-- Input data follows --
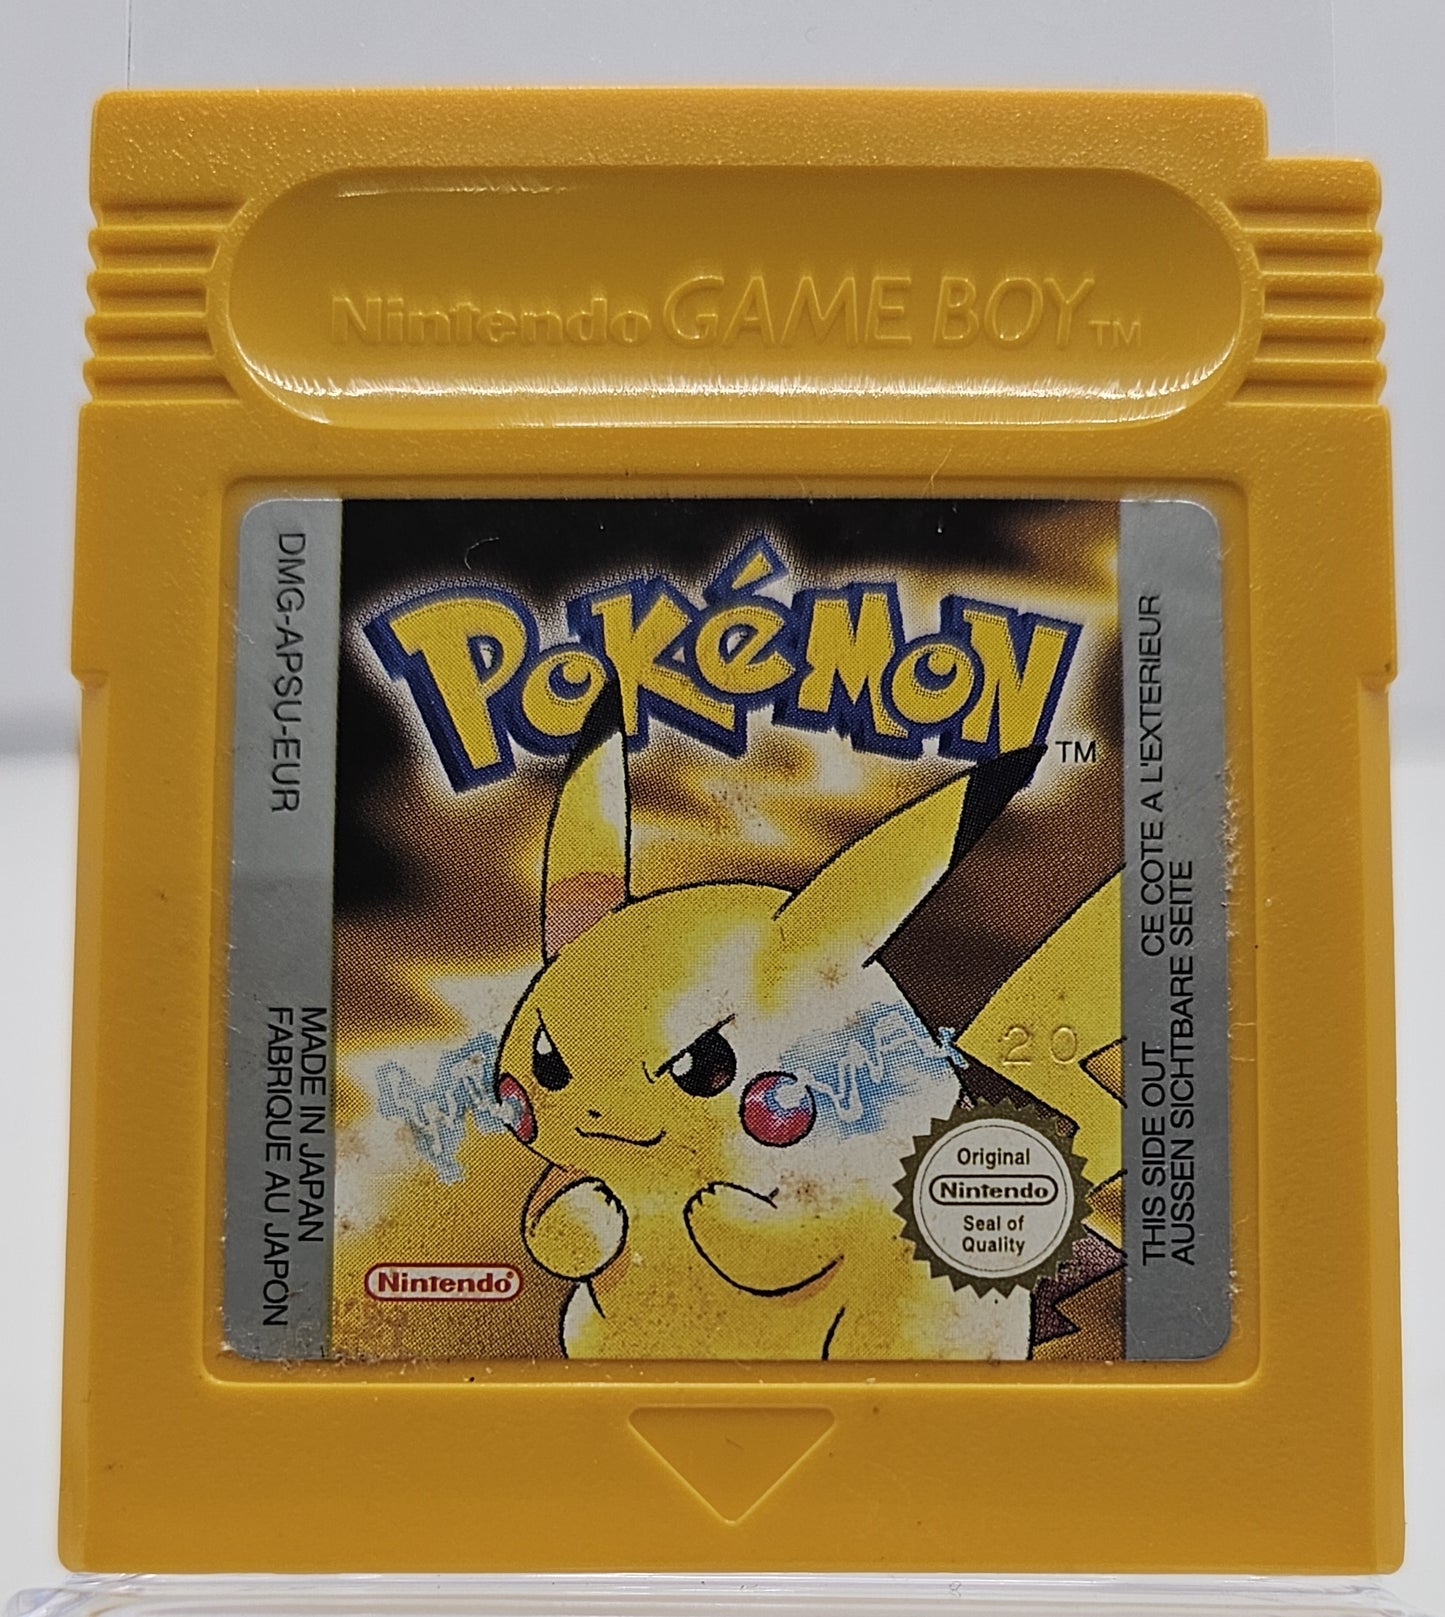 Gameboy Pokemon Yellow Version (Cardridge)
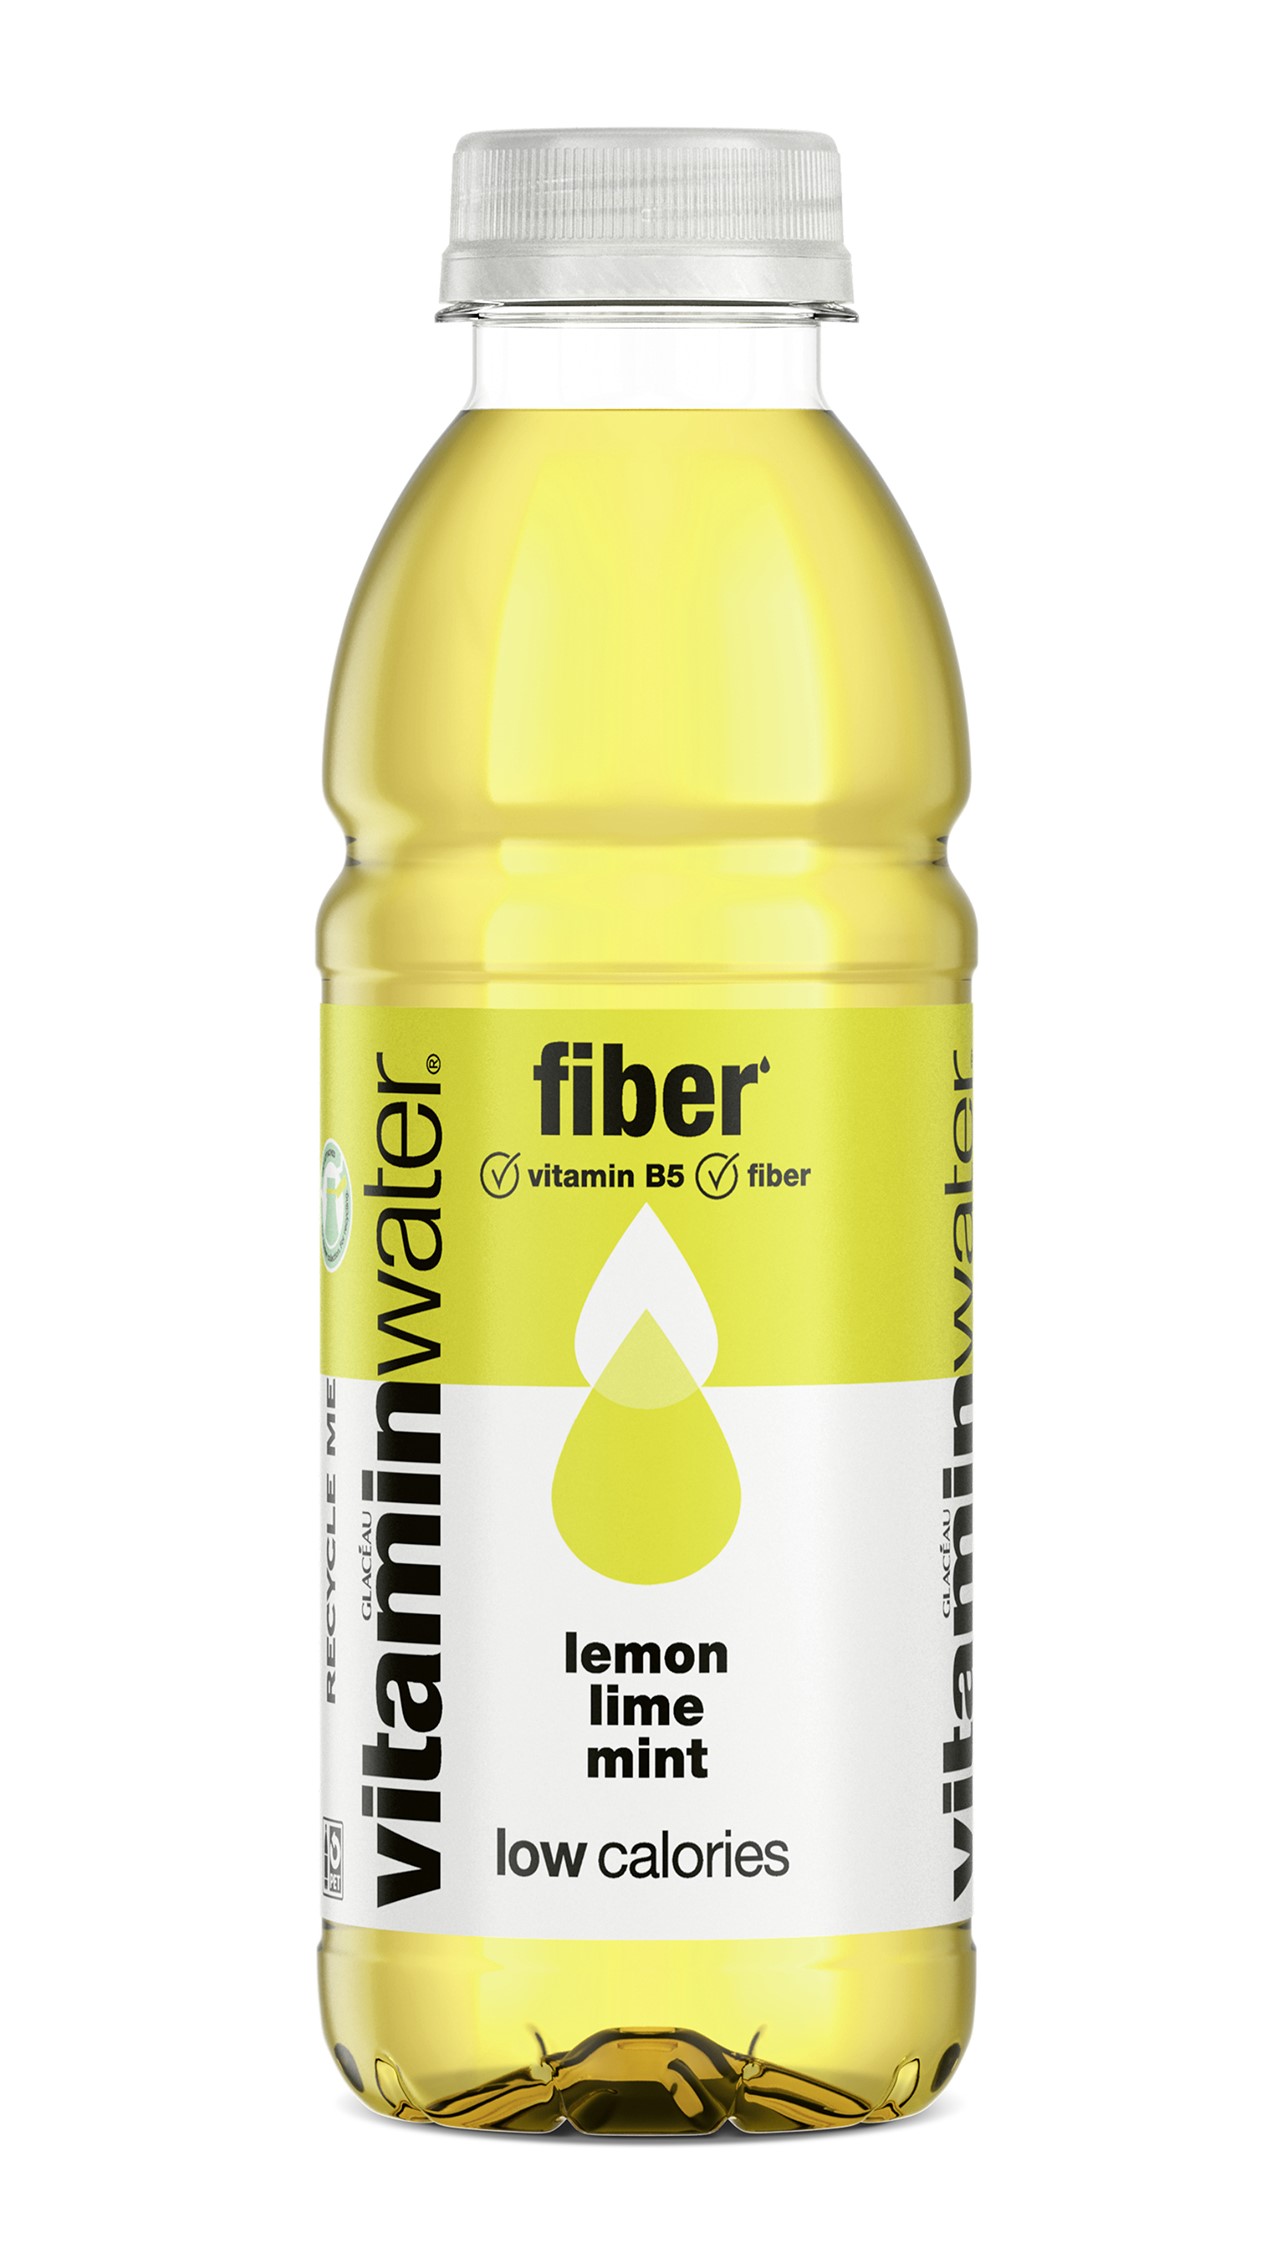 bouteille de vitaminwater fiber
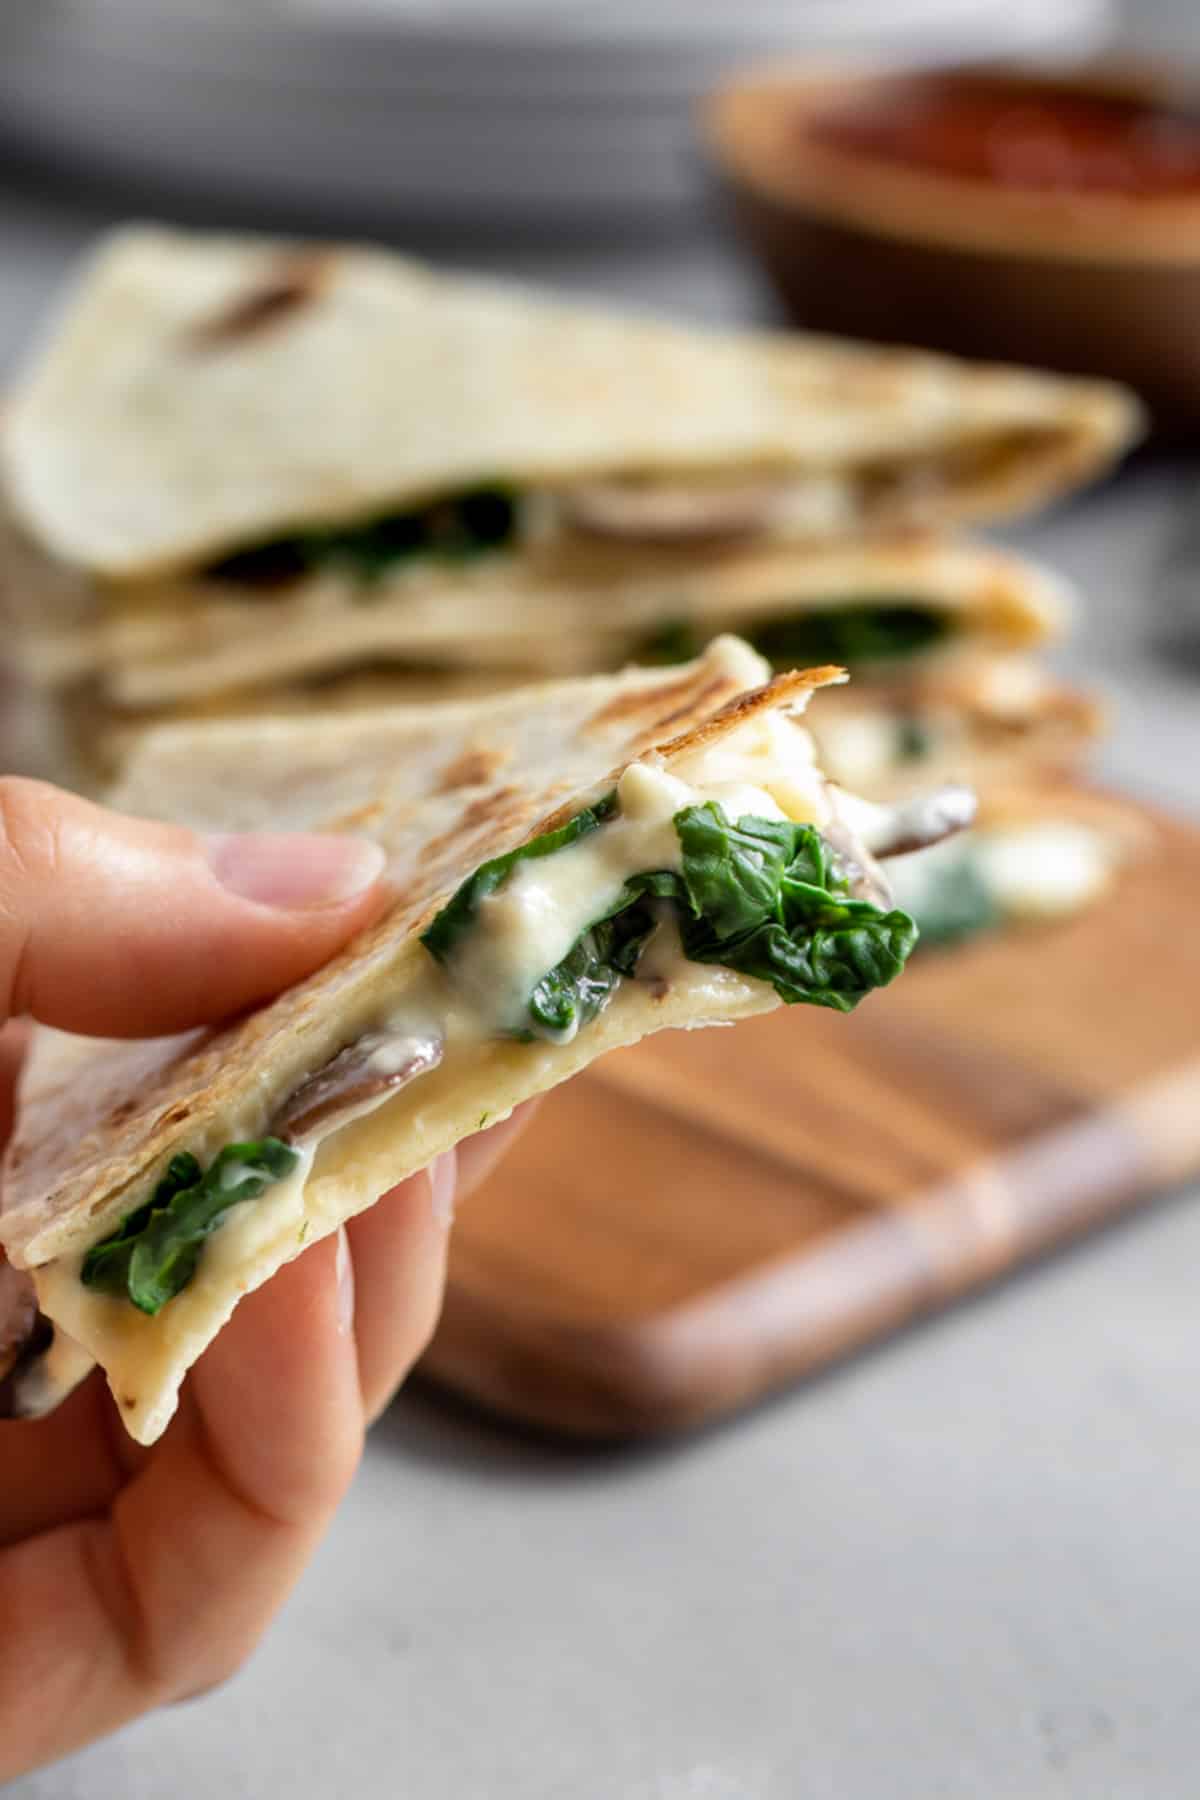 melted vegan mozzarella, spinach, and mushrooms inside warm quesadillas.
-- Input data concluded --
Repeat only the lines from the one holding "bouteille de vitaminwater fiber" through the last line of the data, inclusive. Keep the pictures out.

• _Response box_
 bouteille de vitaminwater fiber
 melted vegan mozzarella, spinach, and mushrooms inside warm quesadillas.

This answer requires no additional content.